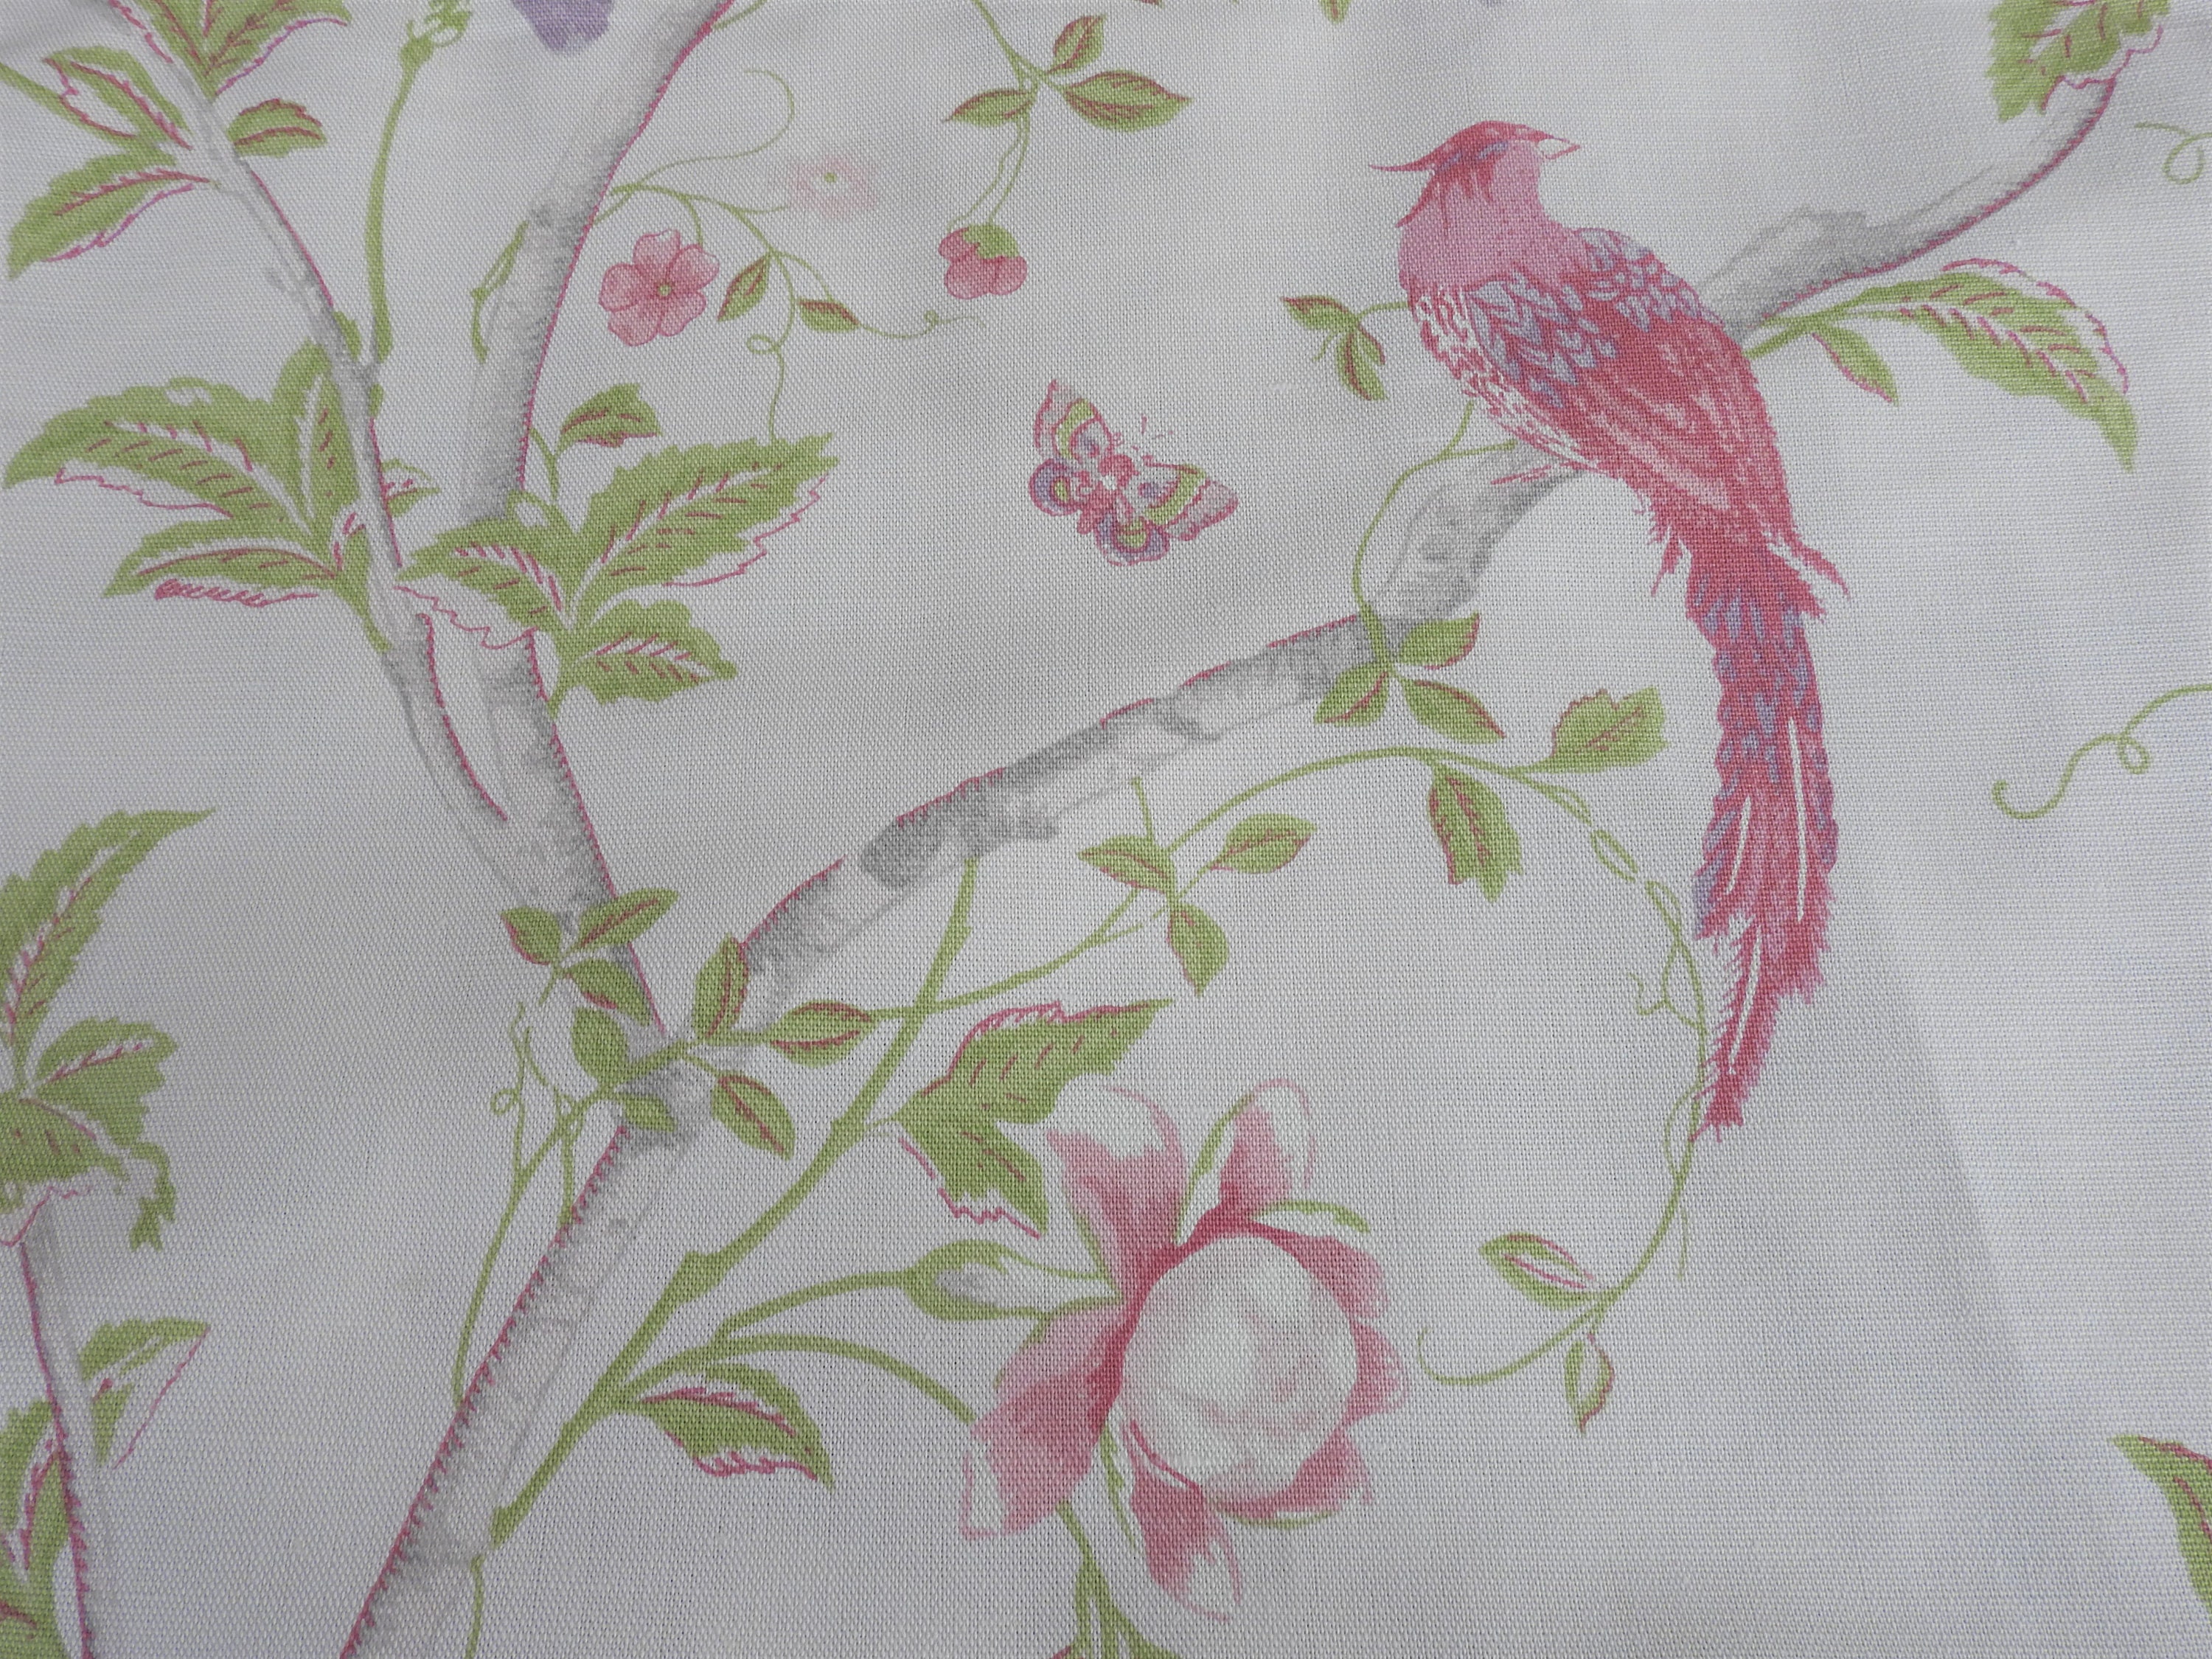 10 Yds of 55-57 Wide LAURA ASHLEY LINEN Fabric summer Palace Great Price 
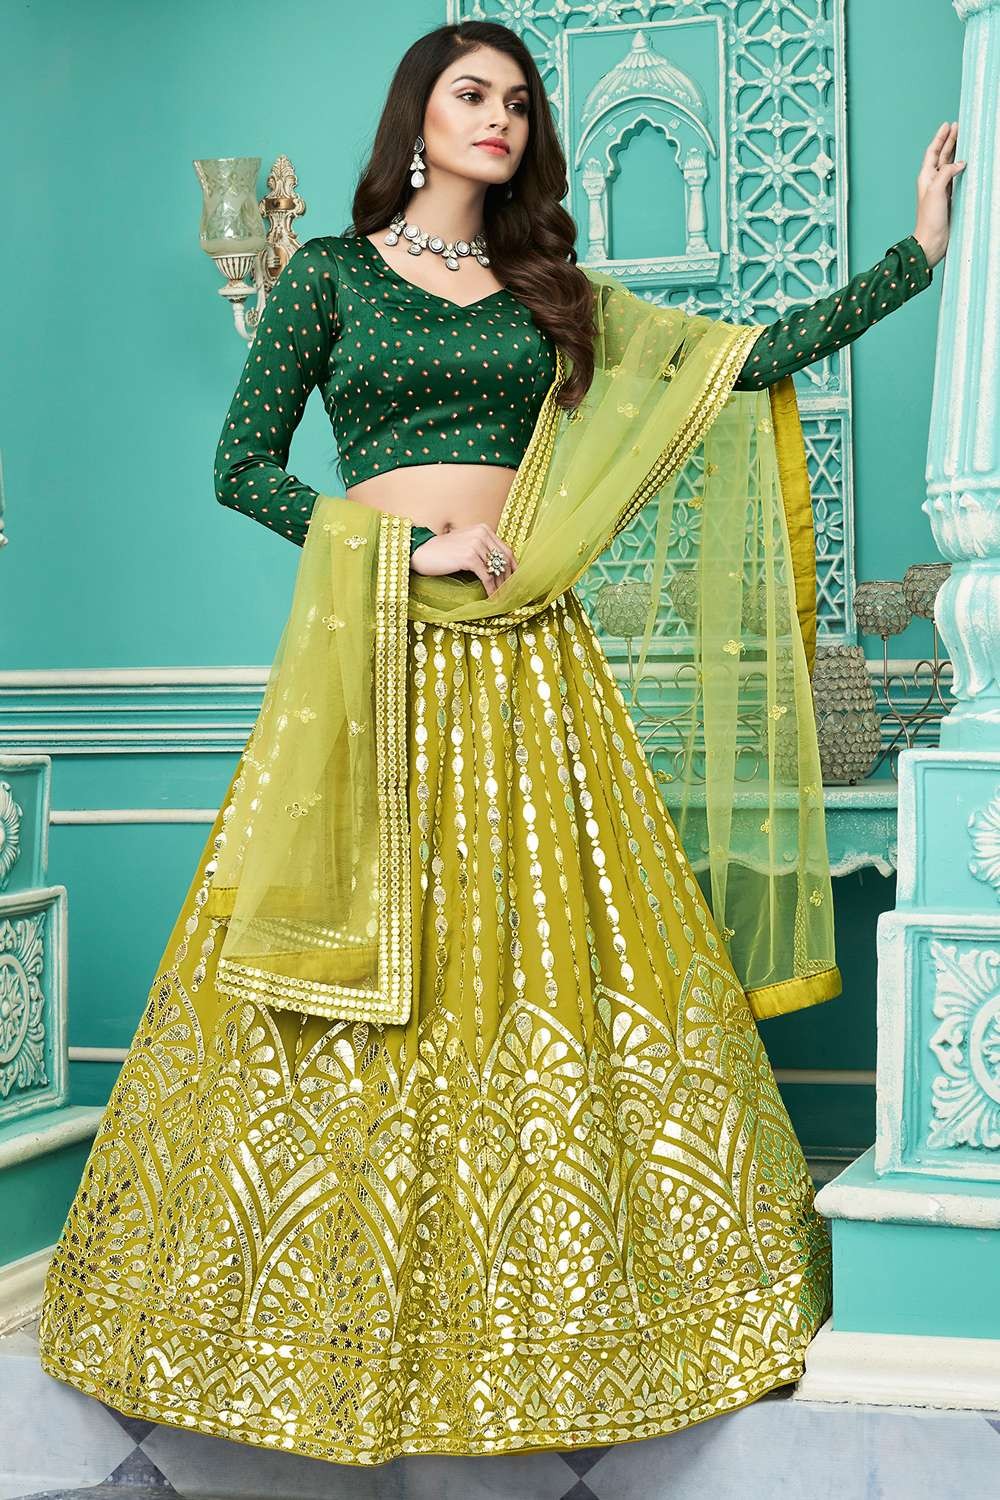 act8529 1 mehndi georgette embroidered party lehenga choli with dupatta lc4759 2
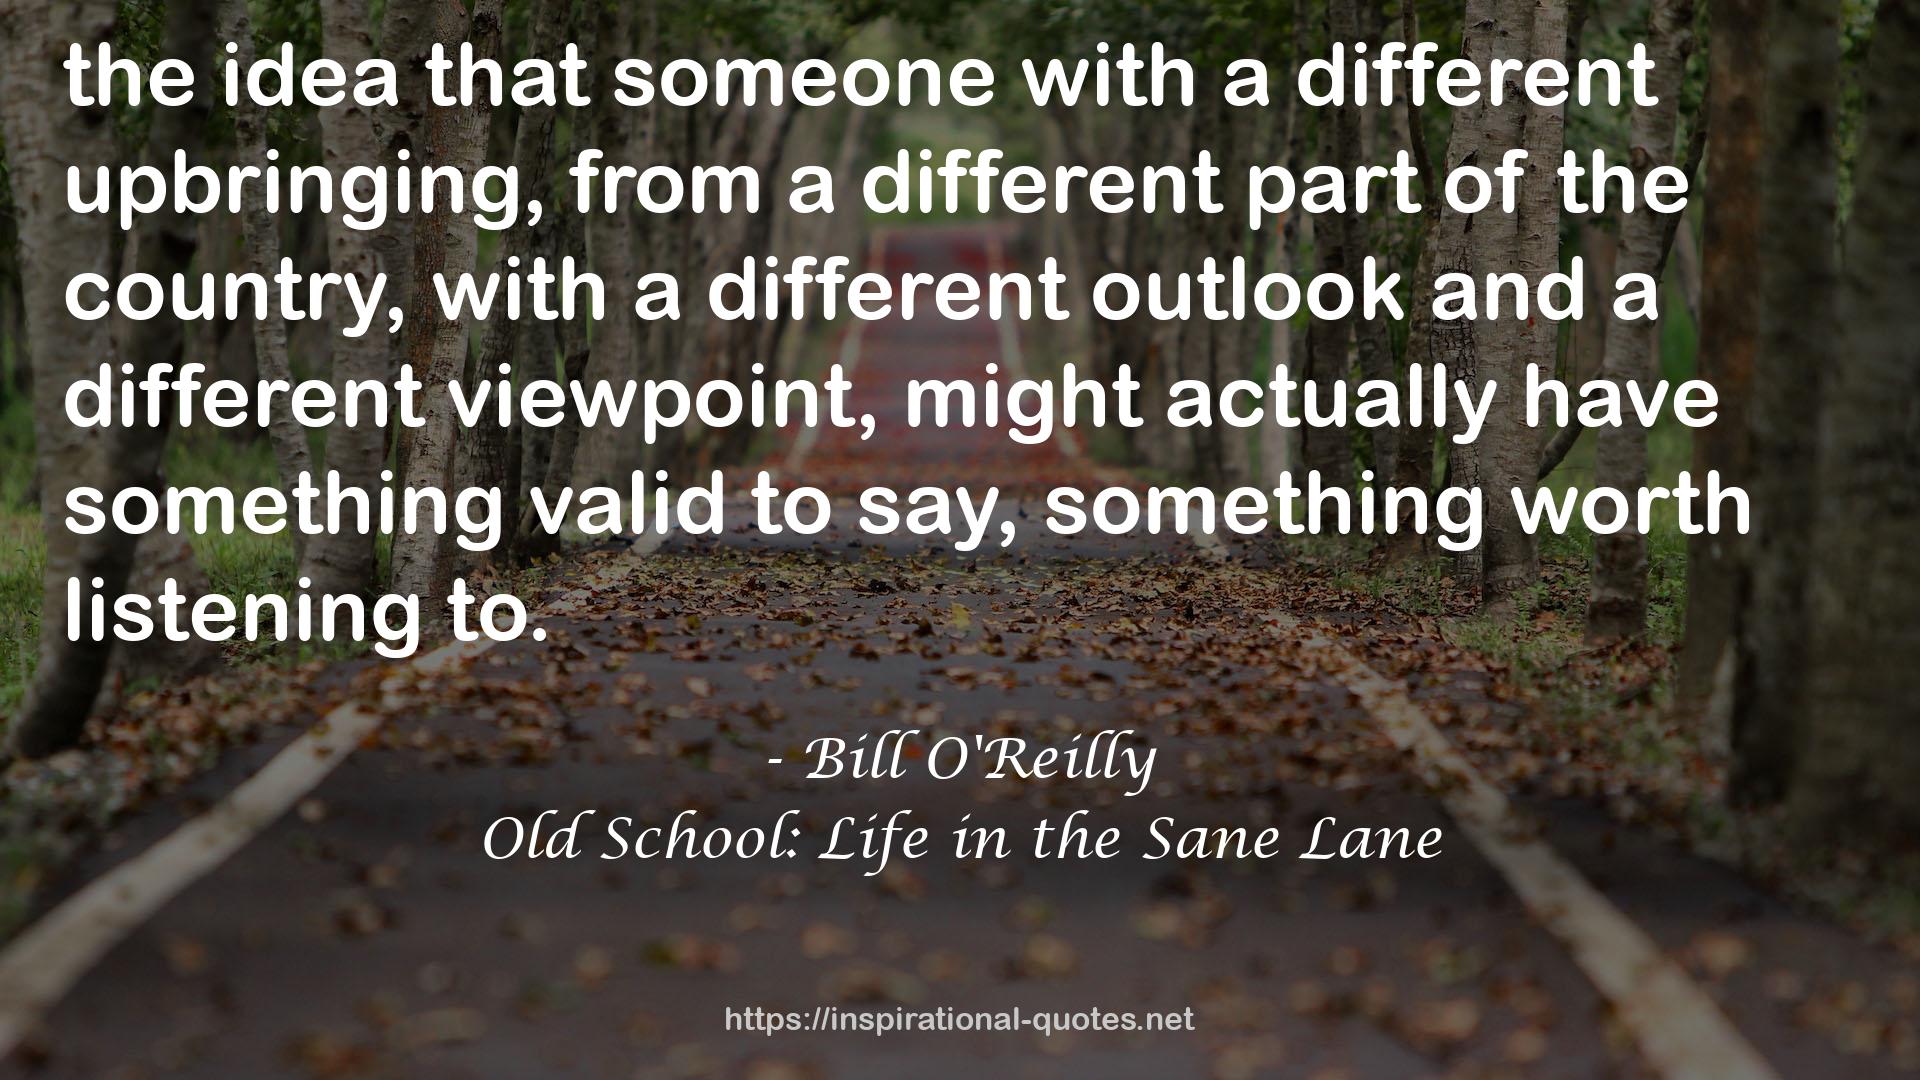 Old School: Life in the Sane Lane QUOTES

Exercise directions: Give back the whole listing as it stands, minus its pictures.

Exercise answer:
 10 Yds of 55-57 Wide LAURA ASHLEY LINEN Fabric summer Palace Great Price 
 act8529 1 mehndi georgette embroidered party lehenga choli with dupatta lc4759 2
 Old School: Life in the Sane Lane QUOTES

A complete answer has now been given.